Выбрать главу

— А вот библиотека, которая, я уверен, тебе понравится, — говорит он мне, открывая двойные двери.

Как будто передо мной открываются небеса, мой рот просто раскрывается в благоговении. От пола до потолка книжные шкафы заполняют все стены комнаты, еще больше рядов громоздятся в центре и оставляют лишь одно небольшое место для чтения.

— Сколько здесь книг?

— Тысячи? Десятки тысяч? На данный момент никто не знает, — объясняет Калеб.

— Еще одна область, которую ты, возможно, захочешь исследовать подробнее. Ты найдешь большое разнообразие. Хейлы обновили значительную часть, — он указывает на некоторые полки в центре, — но многие из них классические произведения. Есть и первые издания, — подмигивает он мне.

Он позволяет мне немного побродить по комнате, забавляясь тем, как я восторгаюсь каждой мелочью, которую вижу.

Но как я могу не восхищаться? Катрина не шутила, когда говорила, что дом похож на музей. Большинство вещей, которые я видела до сих пор, должны быть в музее, чтобы ими все восхищались. А эти книги...

— Я собираюсь прочитать как можно больше, — сразу же заявляю я.

Калеб усмехается.

— Ты можешь взять их все. Можешь даже взять некоторые к себе в комнату.

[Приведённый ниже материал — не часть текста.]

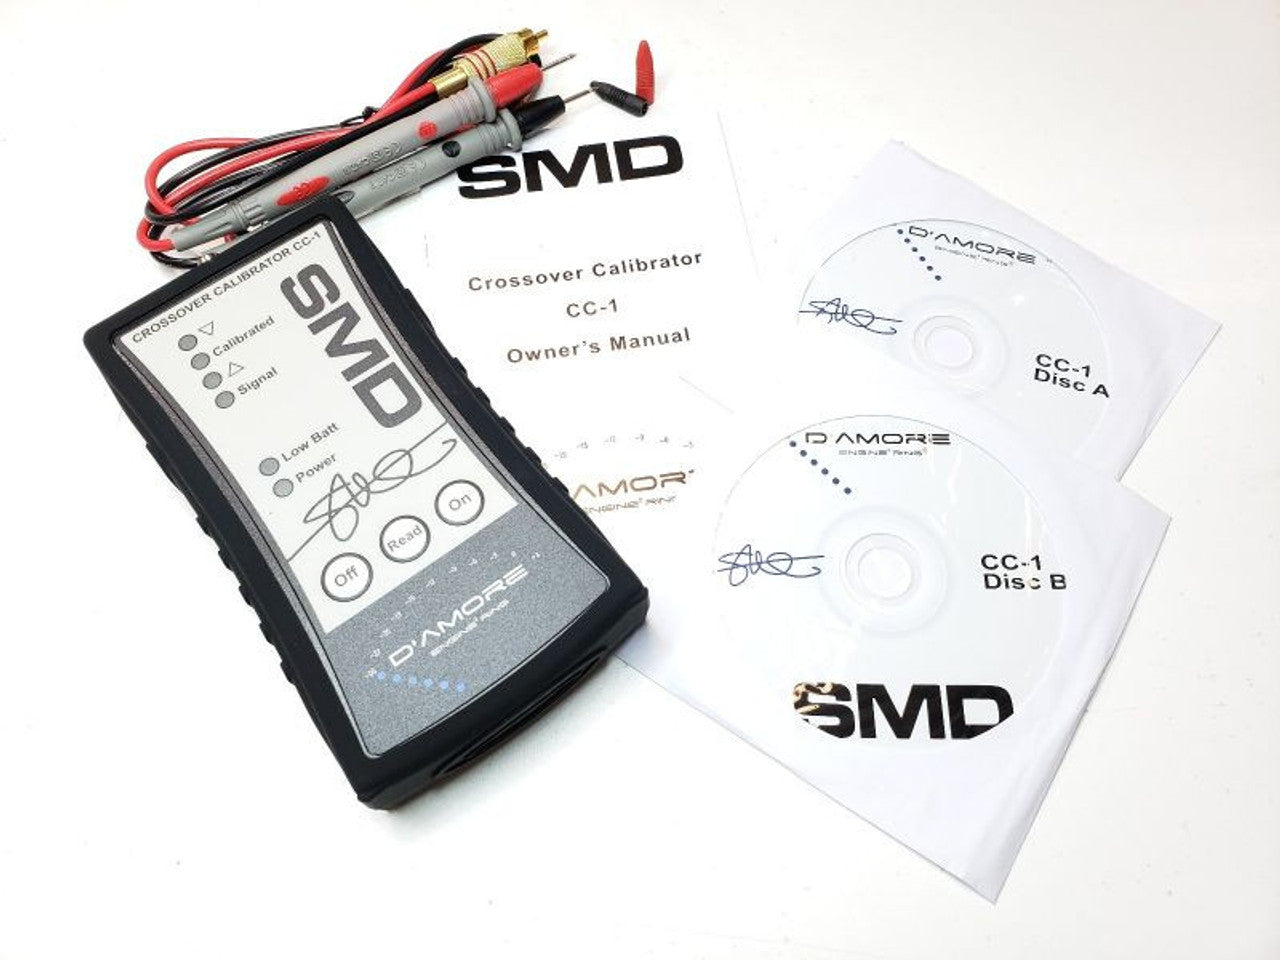 SMD Crossover Calibrator CC-1

Как только он дает мне разрешение, я не теряя времени выбираю пару романов Джейн Остин — все первые издания!

Я прижимаю их к груди, как драгоценных младенцев, едва сдерживая желание открыть их и вдохнуть аромат, как псих. Не думаю, что Калеб сочтет это очень милым.

Он снисходительно наблюдает за мной, позволяя мне не торопиться, пока я просматриваю некоторые из названий. Но я решаю сделать это более подробно позже, а не тратить его время сейчас.

— Мы можем идти, — объявляю я, крепко обнимая книги.

Покачав головой от удовольствия, он ведет меня на второй этаж.

— Здесь два крыла. В этом, — он показывает на левое, — находятся наши спальни. А в том, что справа, находятся хозяйские покои. Оно закрыто уже несколько десятилетий, и туда никто не ходит.

Я киваю, следуя за ним налево.

— А где же тогда спит вся семья?

— На втором этаже. Все спят на втором этаже.

— Все, кроме нас?

Я хмурюсь.

— Мне эти комнаты нравятся больше. А им нет.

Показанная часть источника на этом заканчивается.